Trade barriers refer to the government policies and measures which obstruct the free flow of goods and services across national borders. Trade barriers are imposed on exports and imports. Trade barriers are man made obstacles on the free movement of goods in between different countries of the world. Trade barriers are artificial restrictions imposed on trading activities in between different countries. Such barriers are usually imposed by the importing countries but they adversely affect the volume of world exports and imports. Trade barriers include tariff barriers (fiscal controls) and non-tariff barriers (quantitative restrictions).
Objectives of Trade Barriers
- To protect domestic industries or certain other sector of the economy from foreign competition.

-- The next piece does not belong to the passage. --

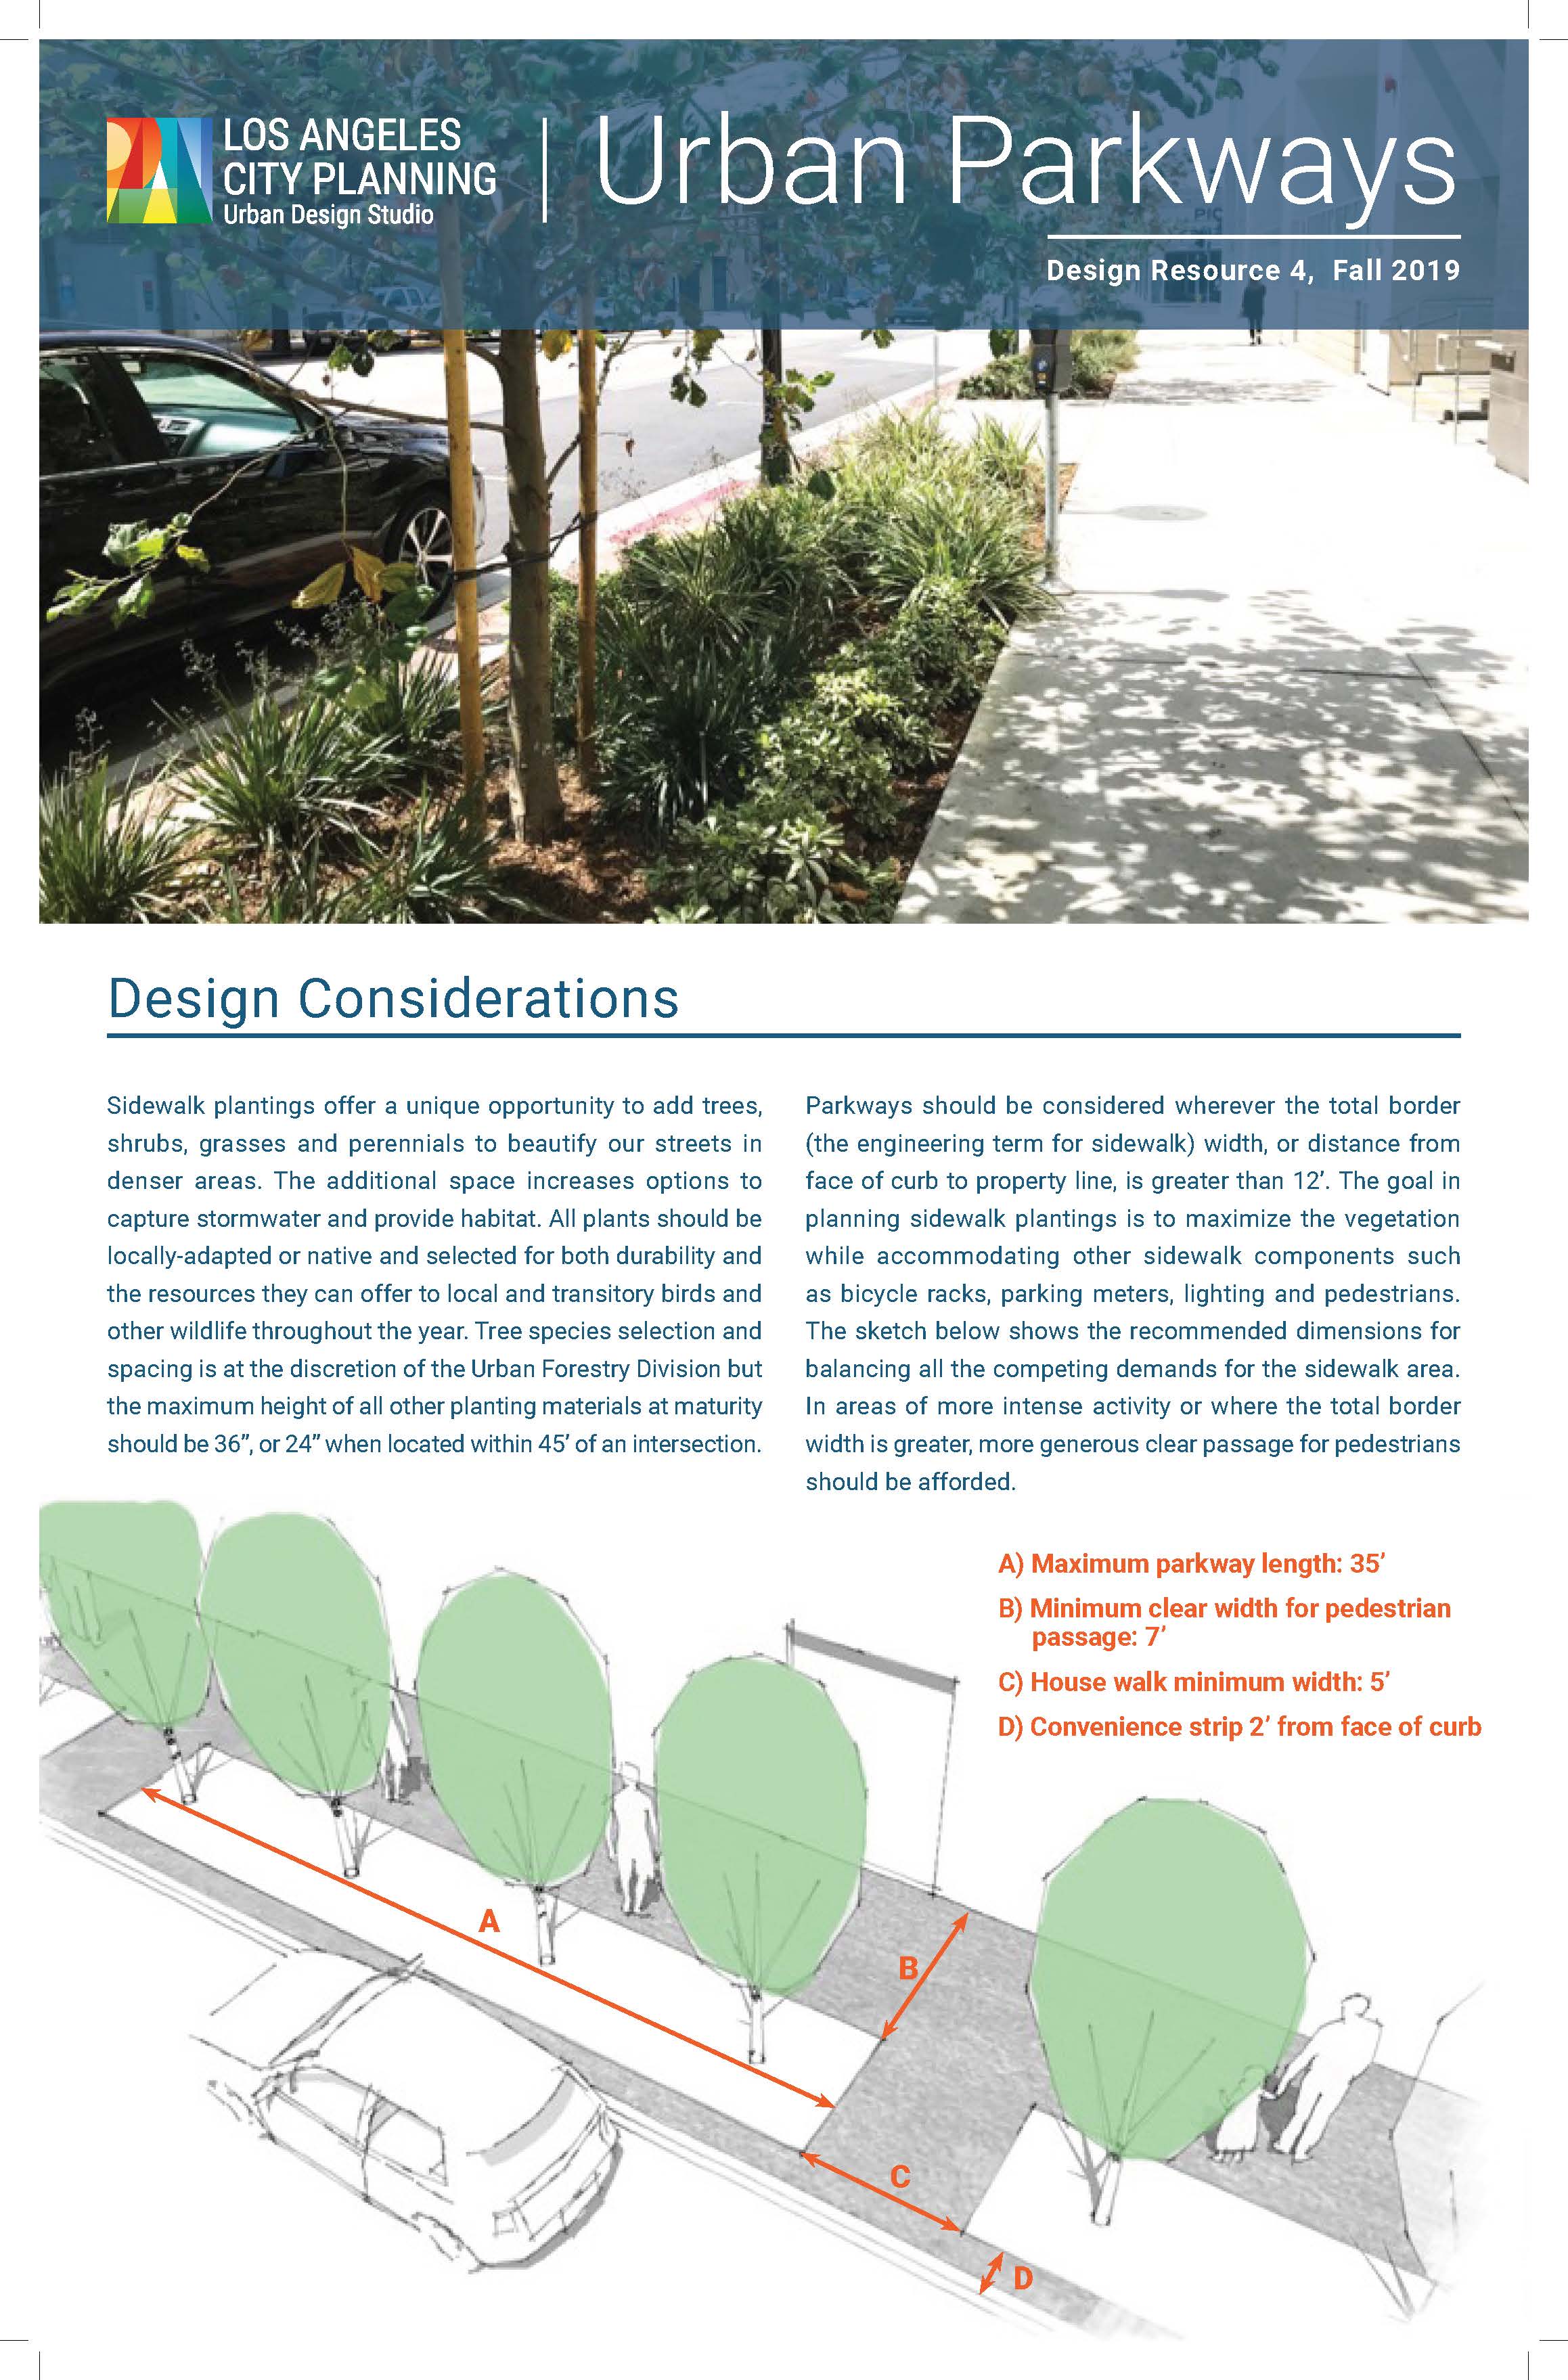 Design Resource 4: Urban Parkways

- To guard or protect the economy against dumping by rich countries with surplus production.
- To promote indigenous research and development and to promote new industries.

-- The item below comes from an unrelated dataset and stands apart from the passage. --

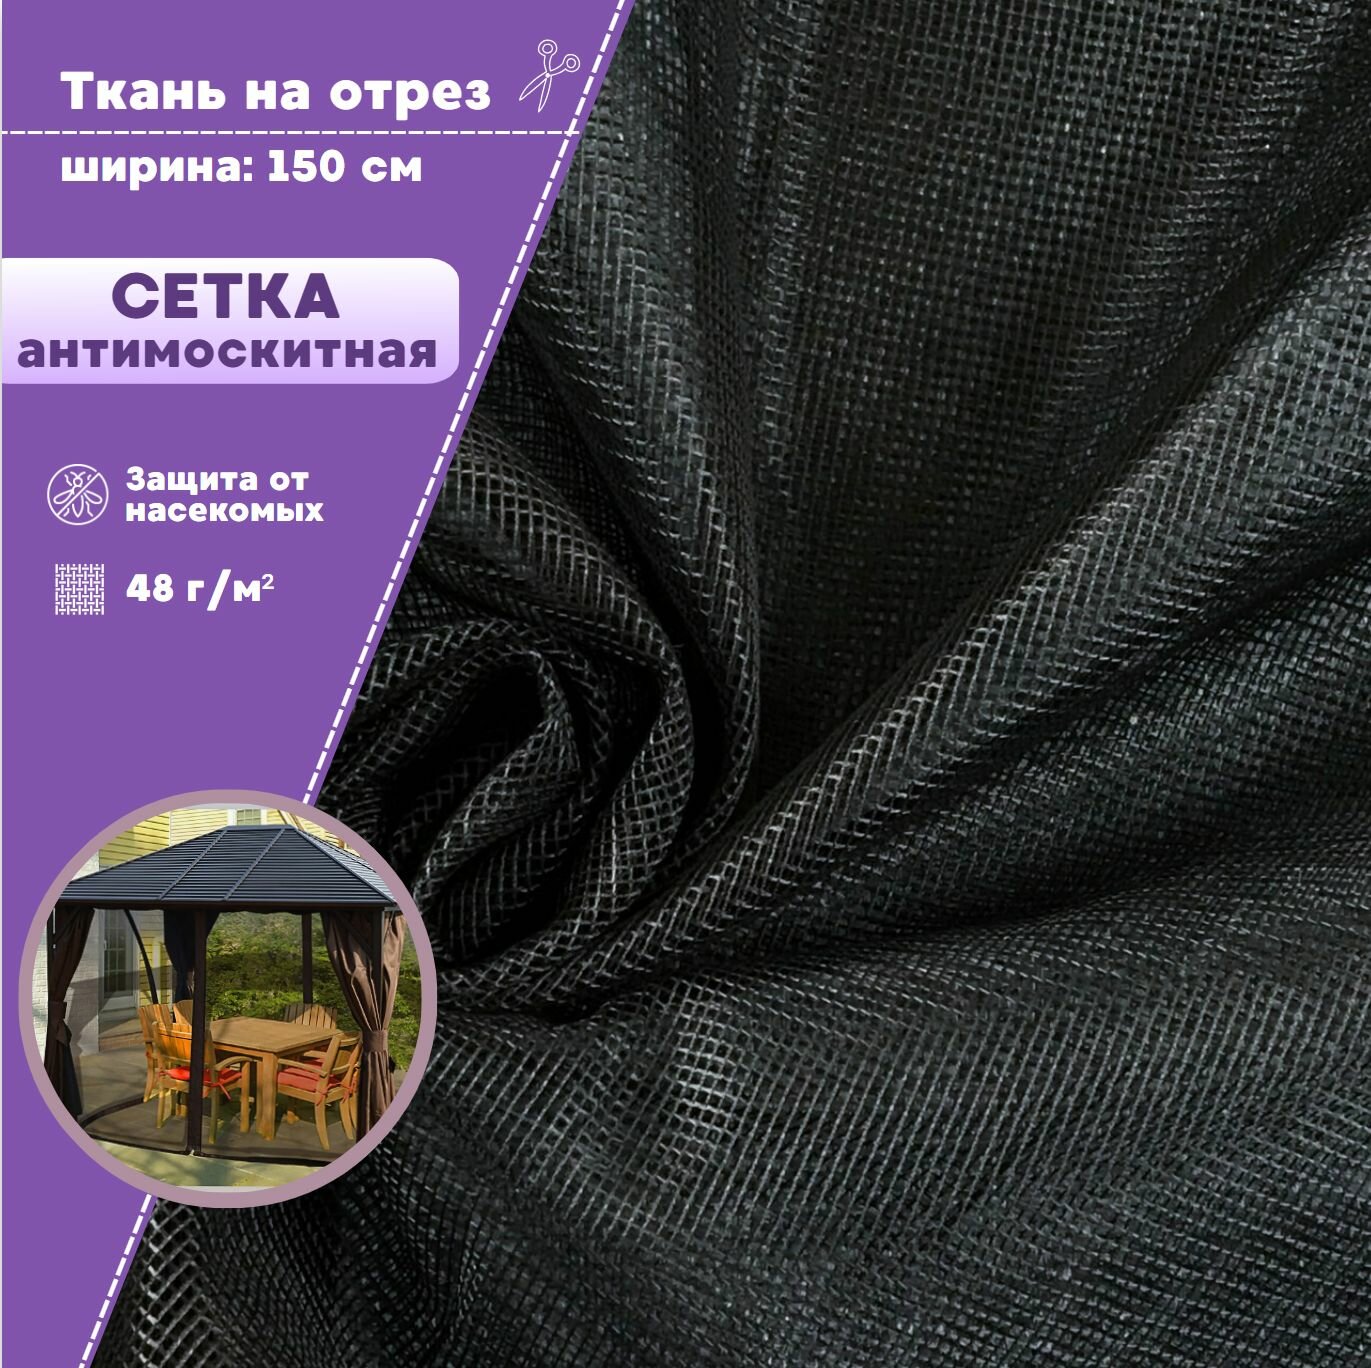 Ткань Сетка Антимоскитная мягкая полиэфирная для шатров и беседок, цв. черный, пл. 48 г/м2, ш-150 см, на отрез, цена за пог. метр

- To conserve the foreign exchange resources of the country.
- To make the balance of payments position more favorable.
- To counteract trade barriers imposed by other countries.
- To encourage the use of domestic production in the domestic market and thereby to make the country strong and self-sufficient.
- To mobilize revenue for the government.
- To discriminate against certain countries.
- To make the economy self-reliant and stop unnecessary consumptions.
Forms and Types of Trade Barriers
Trade barriers may be divided into two groups, namely tariff and non-tariff barriers.
1. Tariff Barriers
- Export Duties
- Import Duties
- Transit Duties
- Specific Duties
- Revenue Tariff
- Compound Duties
- Protective Tariff
- Single Column Tariff
- Double Column Tariff
- Triple Column Tariff
2. Non-Tariff Barriers
- Quota System
- Import Licensing
- Consular Formalities
- Customs Regulations
- State Trading
- Foreign Exchange Regulation
- Health and Safety Regulations
These are all about Trade Barriers, its objectives and types of trade barriers.